Elles ne sont que des repères passagers dans un cheminement à long terme.

Vers le mouvement signifiant

Pour que le mouvement devienne lentement synthèse, on insiste donc sur le développe­ment et l'approfondissement d'un matériau très cerné mais susceptible de divergences et d'interprétations personnelles. On perçoit en­core les difficultés de concentration, de réali­sation, une inadéquation entre l'intention et le résultat. Pourtant parfois, on voit émerger, s'esquisser, certains instants privilégiés, où l'intention se révèle en substance visible, leur multiplication, conduira progressivement vers une présence, vers une matière dansée. La poursuite de ce type d'expérimentations du mouvement est fondamentale dans l'optique d'un progrès pour une plus haute intelligibilité et un véritable impact à l'égard de l'observateur. A la suite de ces séances, les étudiants sollici­tés pour établir le projet de la deuxième partie du cycle, ont souhaité s'orienter vers la pré­sentation d'un « libre ». La seconde étape sera à la fois une application et un prolongement personnalisé de cette étude liminaire.

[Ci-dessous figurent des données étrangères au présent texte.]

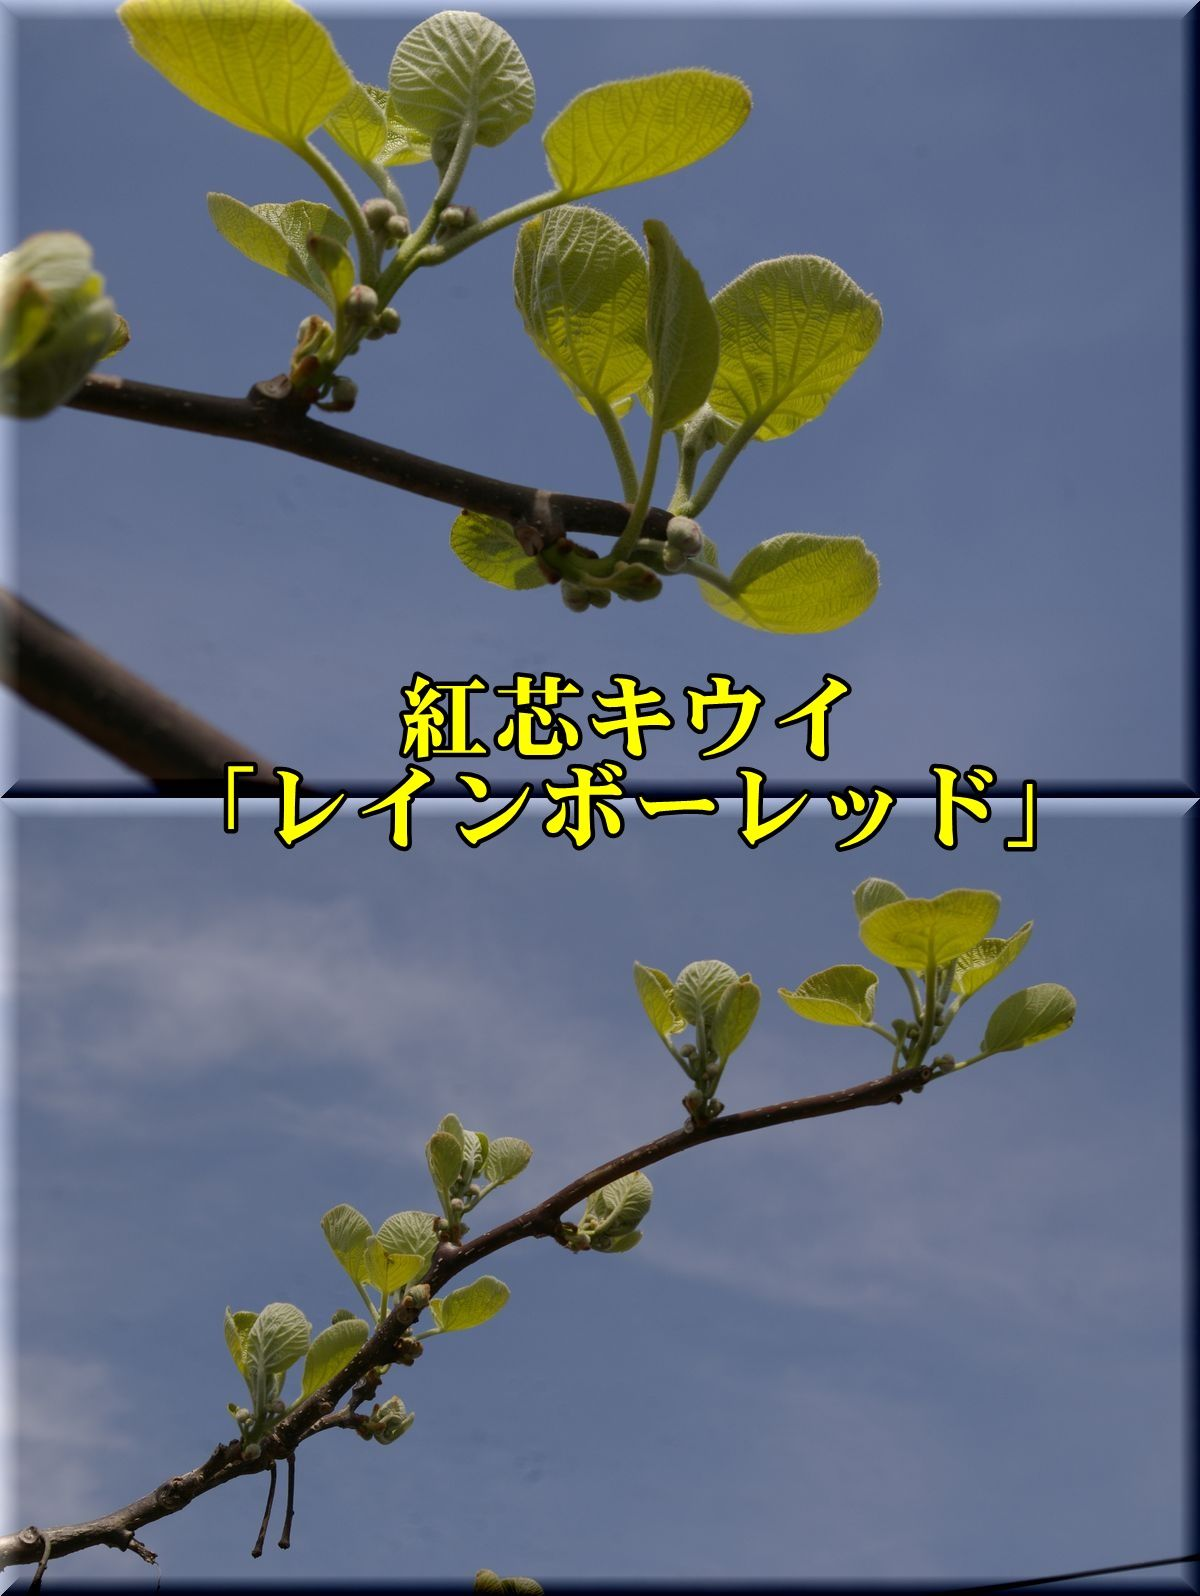 1Rred160331.jpg

Nicole Guerber-Walsh, Professeur, UFR STAPS

Université d'Orsay.

(1) « Détournements » : variations autour d'un thème, dériver, changer le sens d'un contenu. Jacques Gar-nier utilisait ce terme à propos des transformations qu'il opérait à partir du répertoire. Cf. interview Jacques Garnier EPS n° 222 p. 75 à 79. (2) Décentration : cf. concept défini par Alwin Nikolaïs in EPS n° 205 p. 50 à 53. Note : le lecteur pourra se reporter utilement à l'ou­vrage : « Danse » coll. l'Ecole aux Associations. M. Guerber ; Walsh ; Cl, Leray ; A, Maucouvert.